S'ils n'ont pas été sollicités par le président du conseil général et l'Église catholique sur la question du salaire des prêtres, Chantal Berthelot et Gabriel Serville entendent se mêler au débat pour favoriser une concertation.
Jusqu'à présent, c'est en observateurs que les députés de Guyane ont suivi le conflit qui oppose l'Église catholique au président du conseil général, Alain Tien-Liong. De fait, n'ayant été sollicités par aucune des parties, Chantal Berthelot et Gabriel Serville n'avaient pas de raison particulière de s'immiscer dans le débat. Toutefois, l'ampleur prise par la controverse devrait les inciter, dans les jours prochains, à provoquer une rencontre avec l'évêque de Guyane, monseigneur Lafont, et le président du Département, dans le but de favoriser l'apaisement et la concertation.
Pour mémoire, Alain Tien-Liong a décidé dans le courant du mois de mai de ne plus verser leurs rémunérations mensuelles aux 26 prêtres de Guyane. Une décision brutale que l'évêque a immédiatement choisi de contester devant le tribunal administratif.

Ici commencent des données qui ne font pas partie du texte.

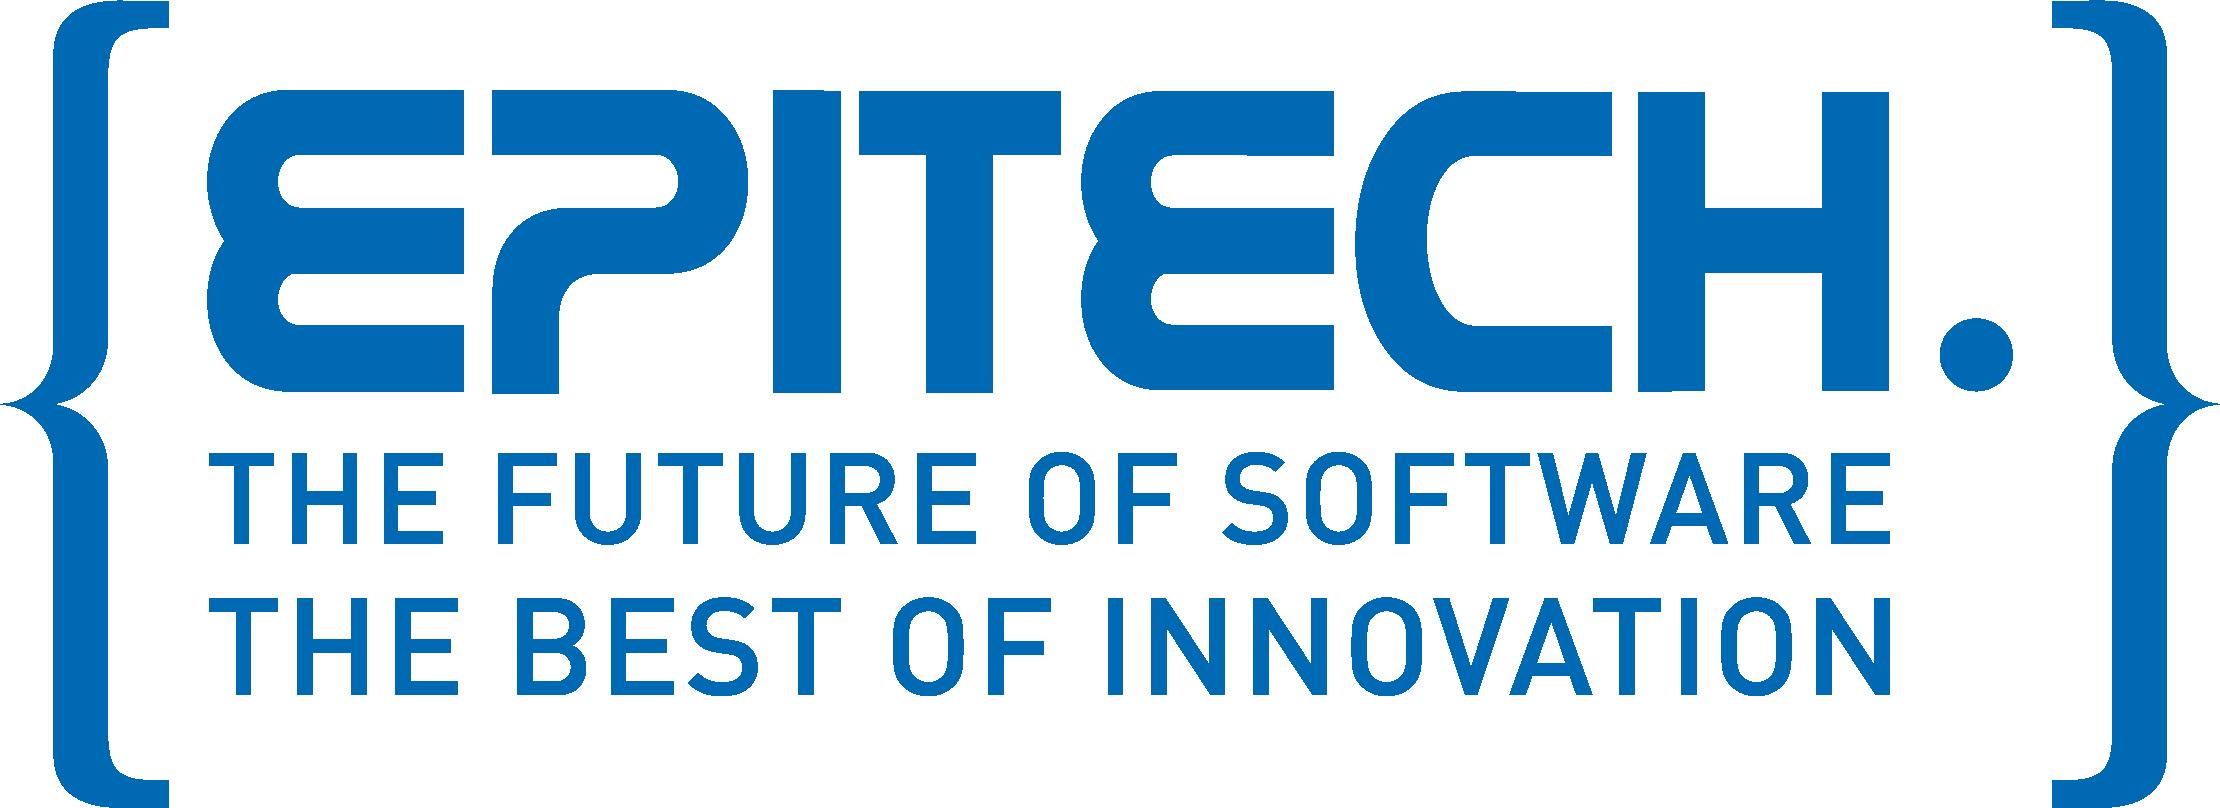 epitech-logo-quadri-baseline-anglais

À la suite d'une audience des plus techniques, le juge des référés s'est prononcé en faveur de l'Église catholique en suspendant les 26 arrêtés délivrés par le conseil général.
Dès l'annonce de cette décision, Alain Tien-Liong a déclaré qu'il entendait saisir le conseil d'État et réclamer le remboursement de tous les salaires versés aux prêtres depuis la départementalisation, en 1946. Soit près de 70 millions d'euros.
FIXER UN ÉCHÉANCIER
Députée de la 2e circonscription, Chantal Berthelot « regrette la forme un peu sauvage » de la décision prise par le conseil général. « Sur le fond, il serait souhaitable que l'on fasse le nécessaire pour réparer cette anomalie (le versement d'un salaire aux prêtres par le Département), précise l'élue. Il faut dépassionner le débat mais aussi rappeler à chacun ses responsabilités. Même si là, c'est parti au conflit, nous allons regarder ce que l'on peut faire du côté législatif. »
Une intention que Gabriel Serville pousse un peu plus loin. En effet, le député de la 1re circonscription estime qu'il sera sans doute nécessaire « d'interpeller » le gouvernement ainsi que le ministre de l'Intérieur, également ministre des Cultes. Mais avant, le député-maire de Matoury envisage de s'entretenir avec les deux parties. « La situation en Guyane est presque un non-sens, il faut donc trouver une solution mais dans une dynamique de concertation, assure l'élu. Il faut se fixer un délai, un échéancier. »
Par ailleurs, s'ils ne cachent pas leur attachement à la religion catholique, les deux députés ne considèrent pas comme « incongru » le fait que la communauté catholique de Guyane contribue à la rémunération des prêtres. Comme partout ailleurs en France.